In more recent decades, people such as Paul Janssen and Christian de Duve played a major role in the development of the pharmaceutical industry. The spectacular development of the port area of Antwerp since the 1960s has been of vital importance for the growth of the base chemical industry in Belgium.

 

Thanks to considerable investments by Belgian and foreign companies in the petrochemical industry and other major chemical activities, Antwerp has developed into a leading global petrochemical center.

 

The pharmaceutical industry, meanwhile, expanded rapidly during the past 20 years in Flanders as well as in Wallonia. A very diverse portfolio of chemistrybased industrial activities developed through the past two centuries in Belgium. The Belgian chemical sector today has one of the highest degrees of specialisation in the world.

Essenscia

 

• The industry’s turnover exceeded 54 billion EUR in 2007, accounting for one-fifth of total turnover in Belgium’s manufacturing

  sector as a whole.

• Direct employment in the chemical and life sciences industry totals about 94,000 jobs, or 16% of all employment in the

  entire manufacturing sector. In addition, the chemical and life sciences industry generates about 150,000 indirect jobs in

  other sectors of the Belgian economy.

• The chemical and life sciences industry is highly export-oriented. Exports amounted to 99.2 billion EUR in 2007 (including

  transit). Exports of chemicals, pharmaceuticals, plastics and rubber generated a positive trade balance of more than 18

  billion EUR in 2007, contributing to the growth of the Belgian economy.

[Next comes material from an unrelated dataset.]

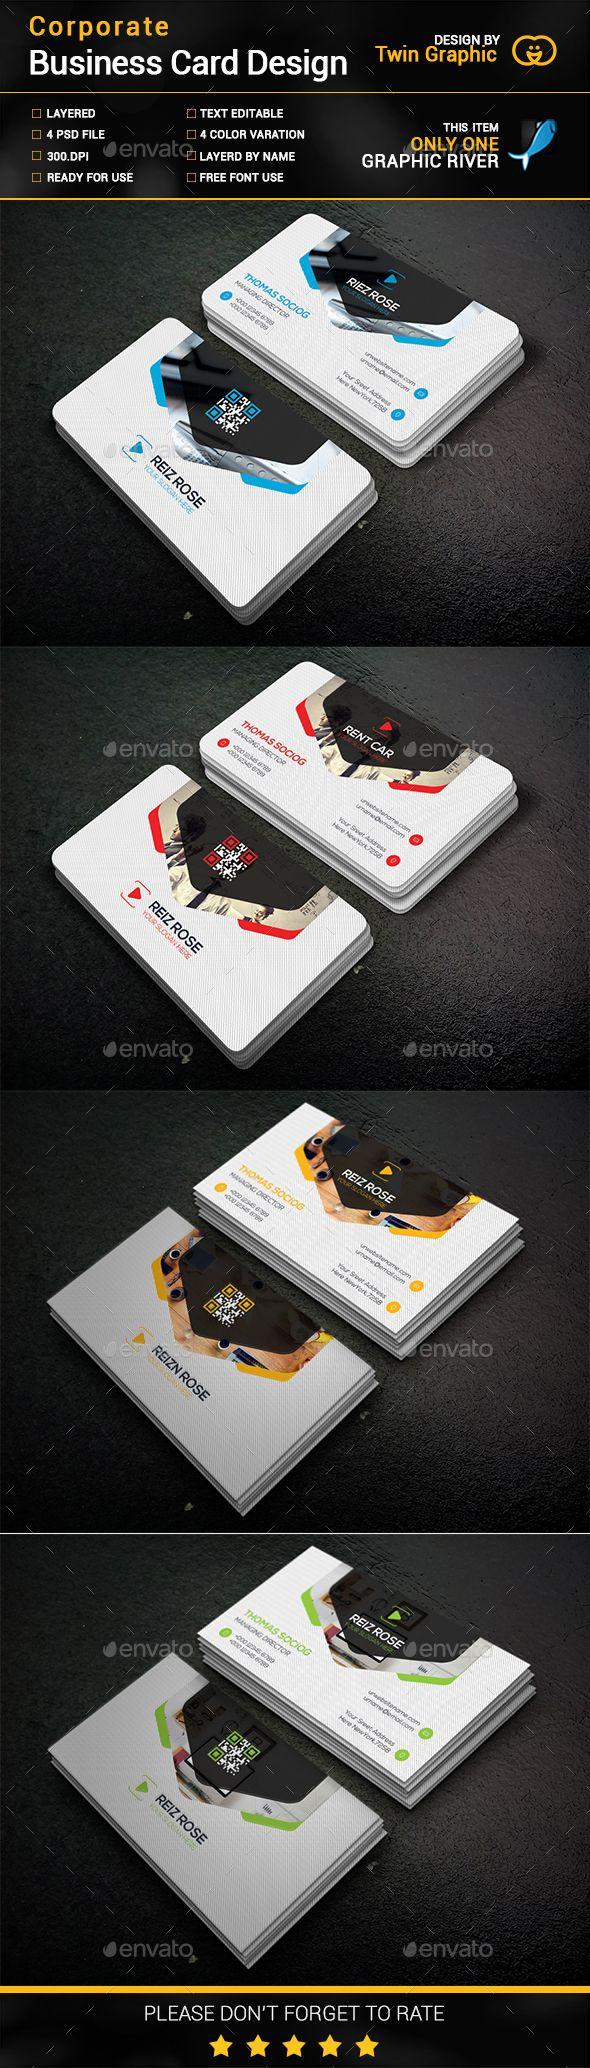 336 best fl business cards images on pinterest business card corporate business card design reheart Images
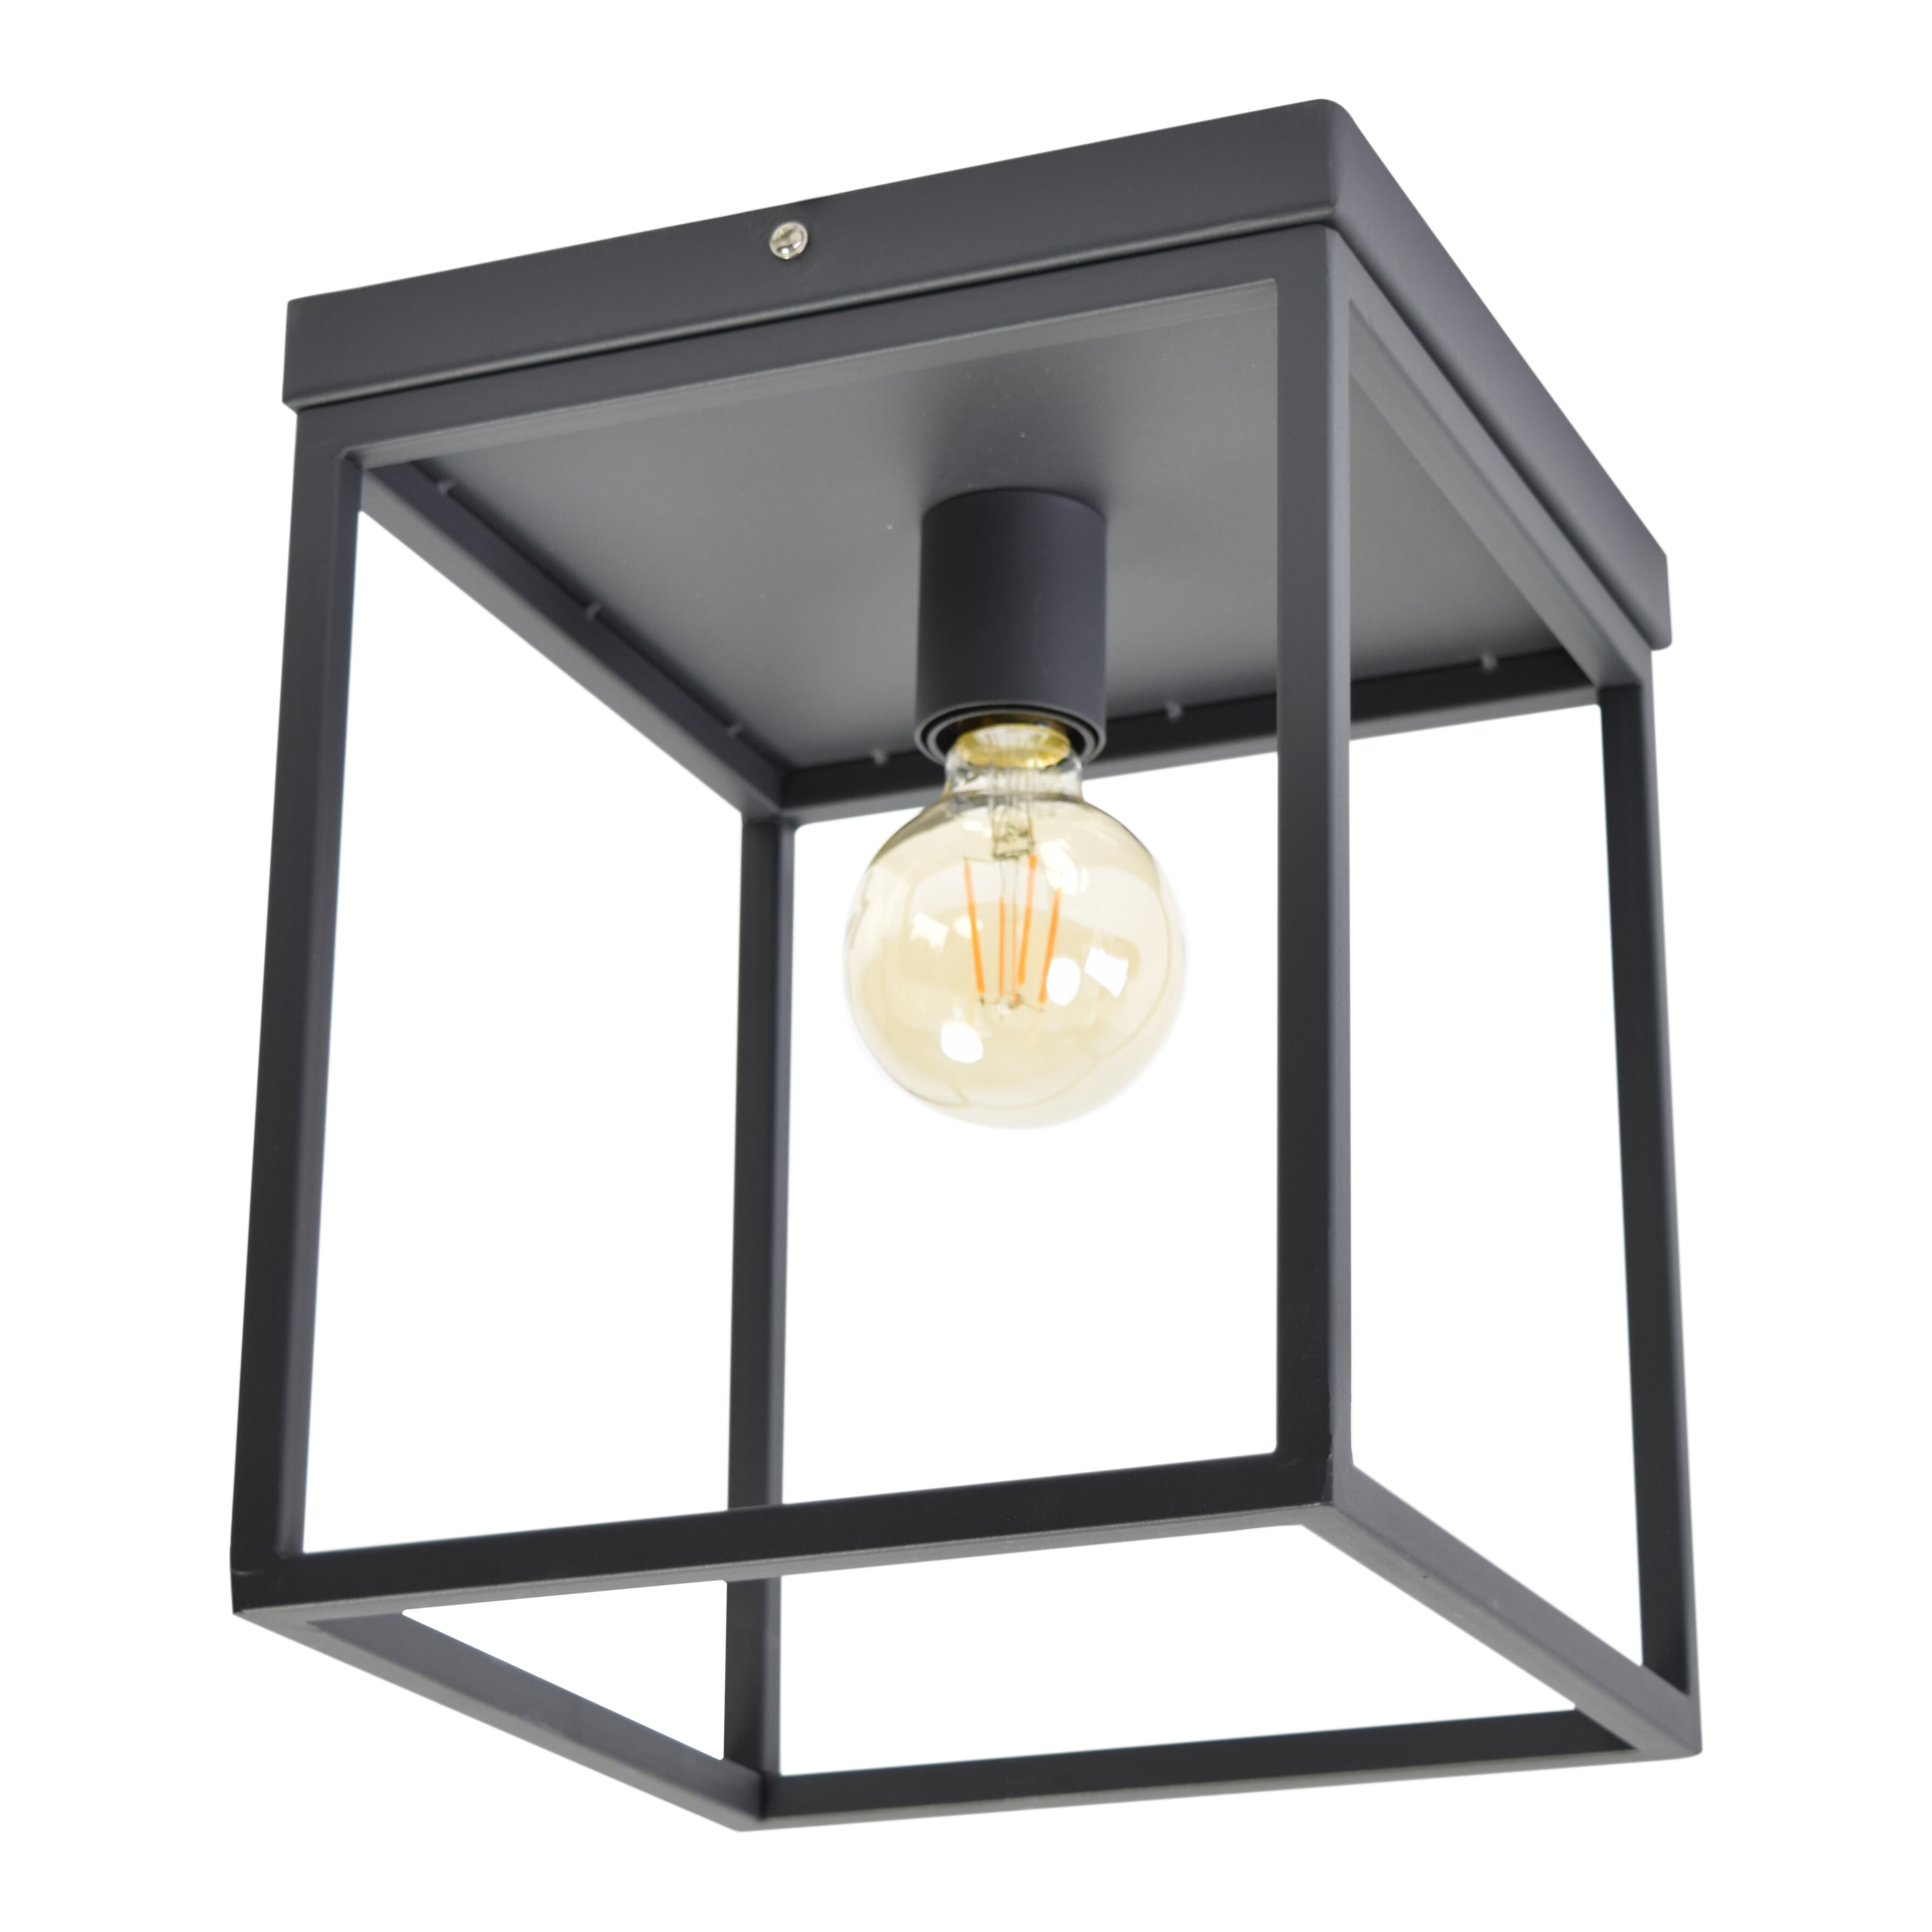 Urban Interiors plafondlamp 'Frame', kleur Zwart

• Since 2005, the trade balance of the chemical and life sciences industry exceeds the total trade balance of Belgium as a

  whole.

• Invesment amounted to 1.96 billion EUR in 2007, representing more than one quarter of total investment in the manufacturing

  sector. The basic chemical industry accounted for nearly half of all investment, two-thirds of which was in the Antwerp region.

• Research and development expenditure in the chemical and life sciences industry totalled an estimated 2.32 billion EUR in

  2007. This represented nearly half of all private-sector R&D spending in Belgium. Life sciences, which includes

  pharmaceuticals and biotechnology, accounted for about three quarters of the sector’s R&D.

• The Belgian chemical industry accounts for more than 6% of the total European turnover in this sector, even though

  Belgium’s share of the total EU population is only 2.1%.